= Marcus Julius Alexander =

Alexandrian Jewish merchant (16–44 CE)

Marcus Julius Alexander (16–44 CE), the son of Alexander the Alabarch and brother of Tiberius Julius Alexander, was a distinguished and wealthy Alexandrian Jewish merchant. He was betrothed to Berenice, daughter of Herodian King Agrippa I, but died shortly afterwards and had no children with her.

==Ancestry and family==
Marcus was born and raised in Alexandria, Egypt. Marcus was born as the second son to Alexander the Alabarch, a wealthy Jewish aristocrat. His older brother was Tiberius Julius Alexander. His paternal uncle was the exegete and philosopher Philo.

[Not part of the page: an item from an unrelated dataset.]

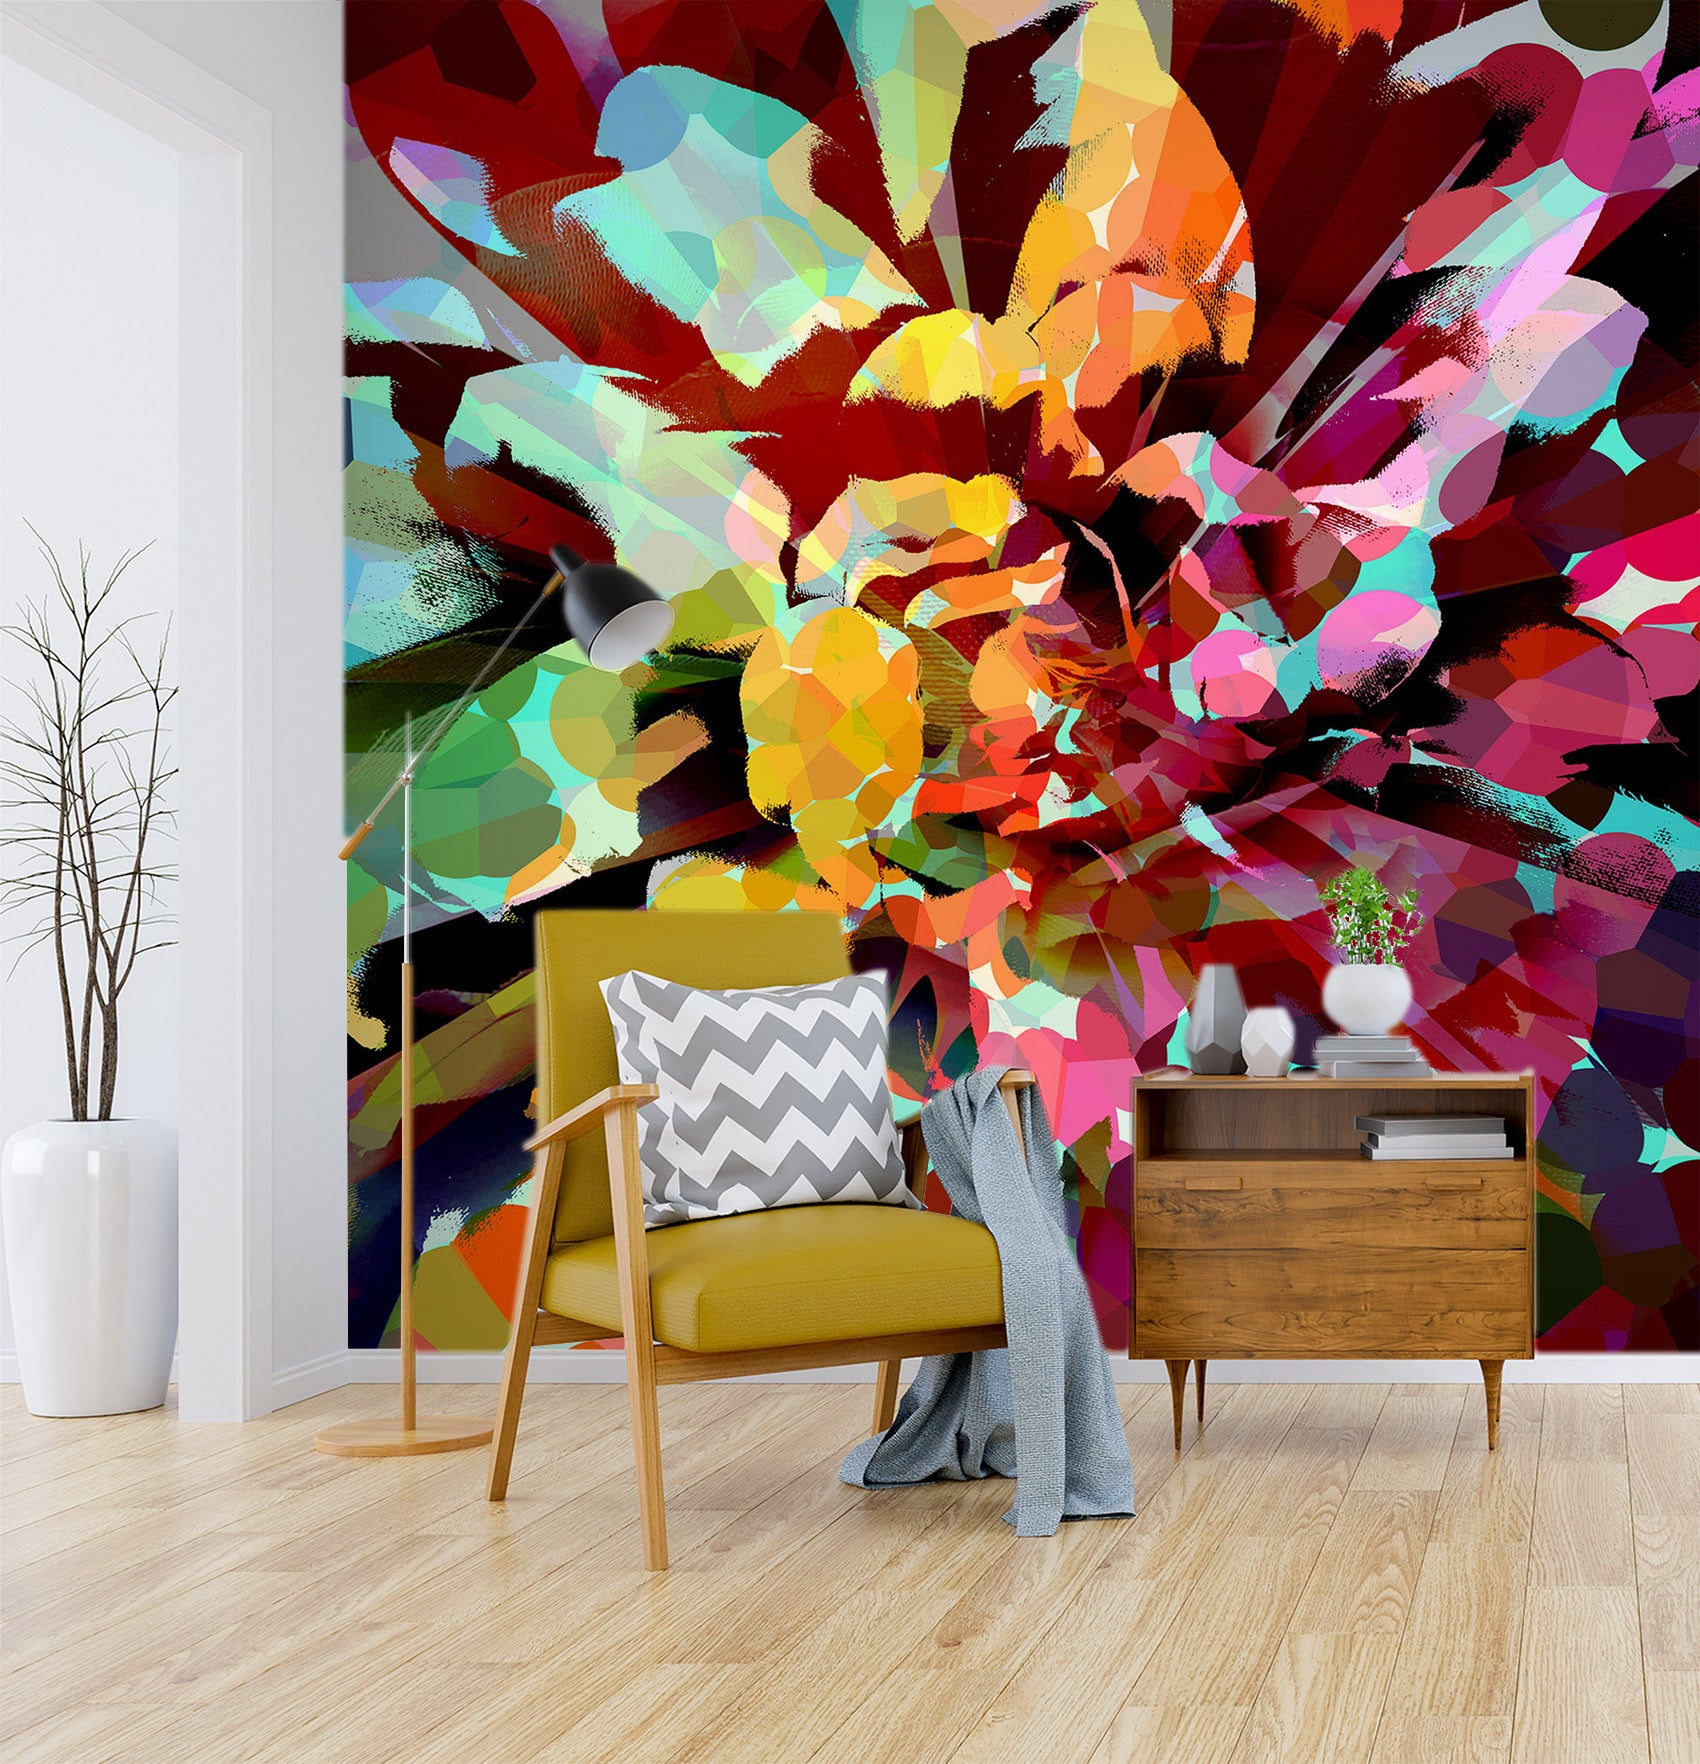 3D Colorful Pattern 19110 Shandra Smith Wall Mural Wall Murals

He came from an aristocratic family who lived in Alexandria for generations. His ancestors and family were contemporaries to the rule of the Ptolemaic dynasty and the rule of the Seleucid Empire. Marcus came from a family who were noble, honourable and wealthy. It was either his paternal grandfather or paternal great grandfather who was granted Roman citizenship from Roman dictator Gaius Julius Caesar. His ancestors and family had social ties and connections to the Priesthood in Judea; Hasmonean Dynasty; Herodian Dynasty and Julio-Claudian dynasty in Rome.